# Amplificador para señales UHF 800-2100MHz



## DaMn_NooB (Feb 14, 2011)

Hola a todos!

Hace ya un tiempo que estoy tratando de amplificar señales de uhf, la idea es poder agarrar las señales del aire mediante una antena y conseguir una señal lo suficientemente intensa para poder procesarla con un microcontrolador PIC.

El rango es de entre 800-2100 MHz, el punto es que mientras mas averiguo sobre transistores o amplificadores operacionales con mas dudas quedo, ya que al parecer amplificar en RF no es taaaan facil como lo es en señales comunes de KHz, sobretodo manteniendo una ganancia fija.

Como idea general se que tengo que tener una antena para la frecuencia deseada, aplicarle un filtro para seleccionar el rango que deseo (ya que quiero diferenciar entre GSM 900, GSM 850, PCS 1900, etc), amplificar la señal, pasarla a continua y luego poder trabajarla con el PIC.

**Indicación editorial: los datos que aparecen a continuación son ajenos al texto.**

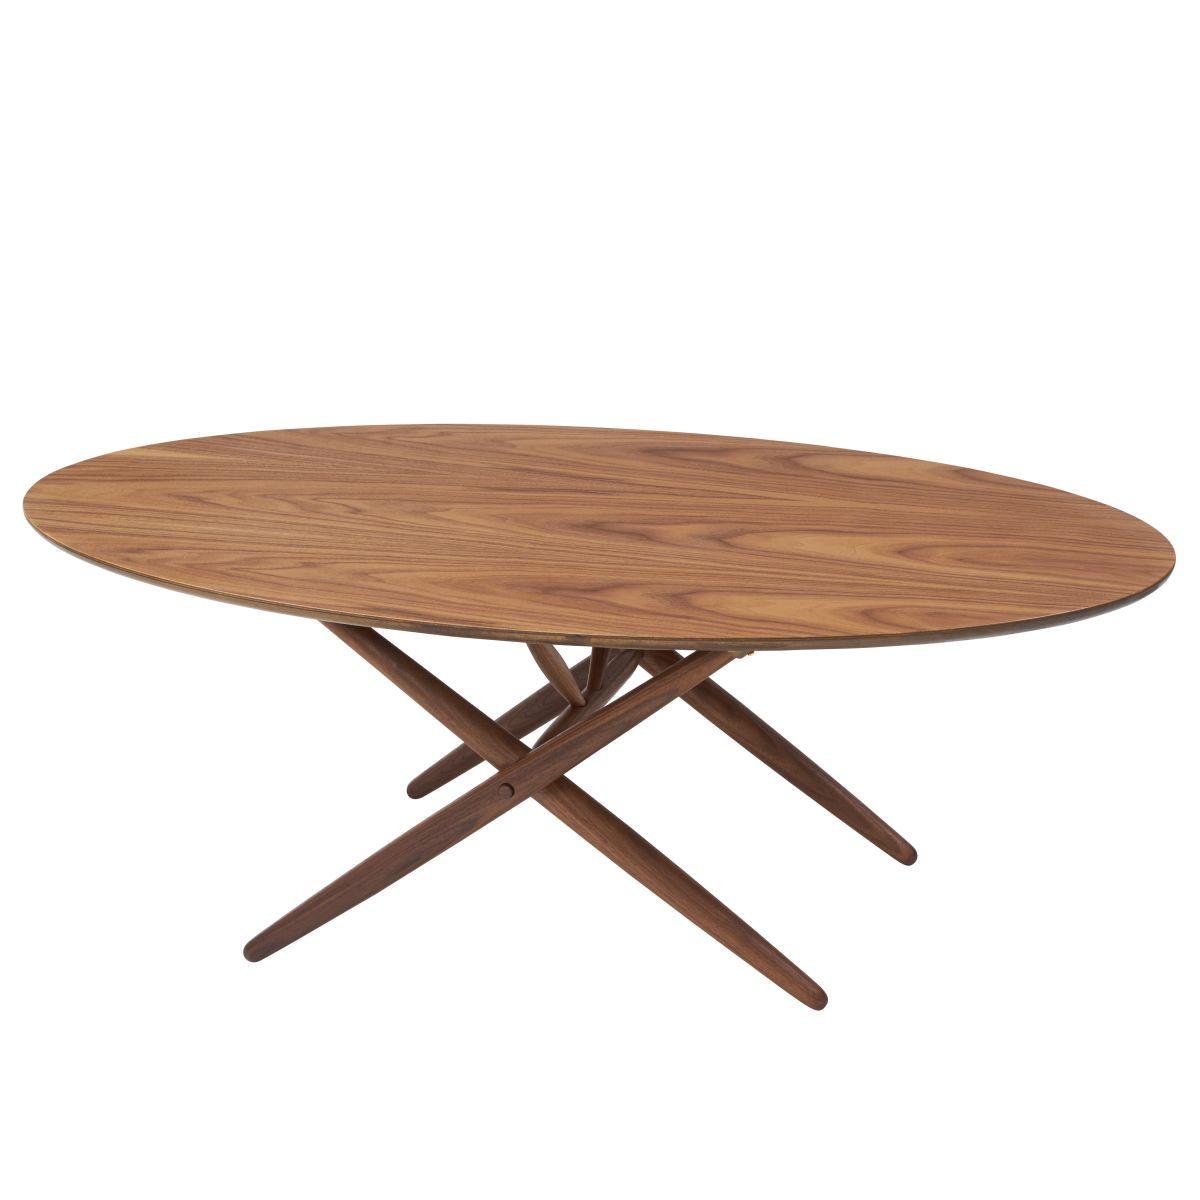 Ovalette-Table-walnut-2627426

Bueno espero no haberlos enredado mucho, pero en realidad me serviria una mano... los datasheets no son tan claros despues de todo y he perdido gran parte de mi tiempo en esto.

Saludos!

Aaaaahhh.. tambien se me olvidaba... si alguien pudiese mostrarme o facilitarme literatura entendible respecto al tema de las RF (amplificacion en base a transistores, operacionales, acoplamiento, etc) y que fuese en lenguaje entendible (no es que no sepa nada de electronica, pero muchas veces pareciera que escriben los libros en arameo) se los agredeceria mucho.

Saludos!


----------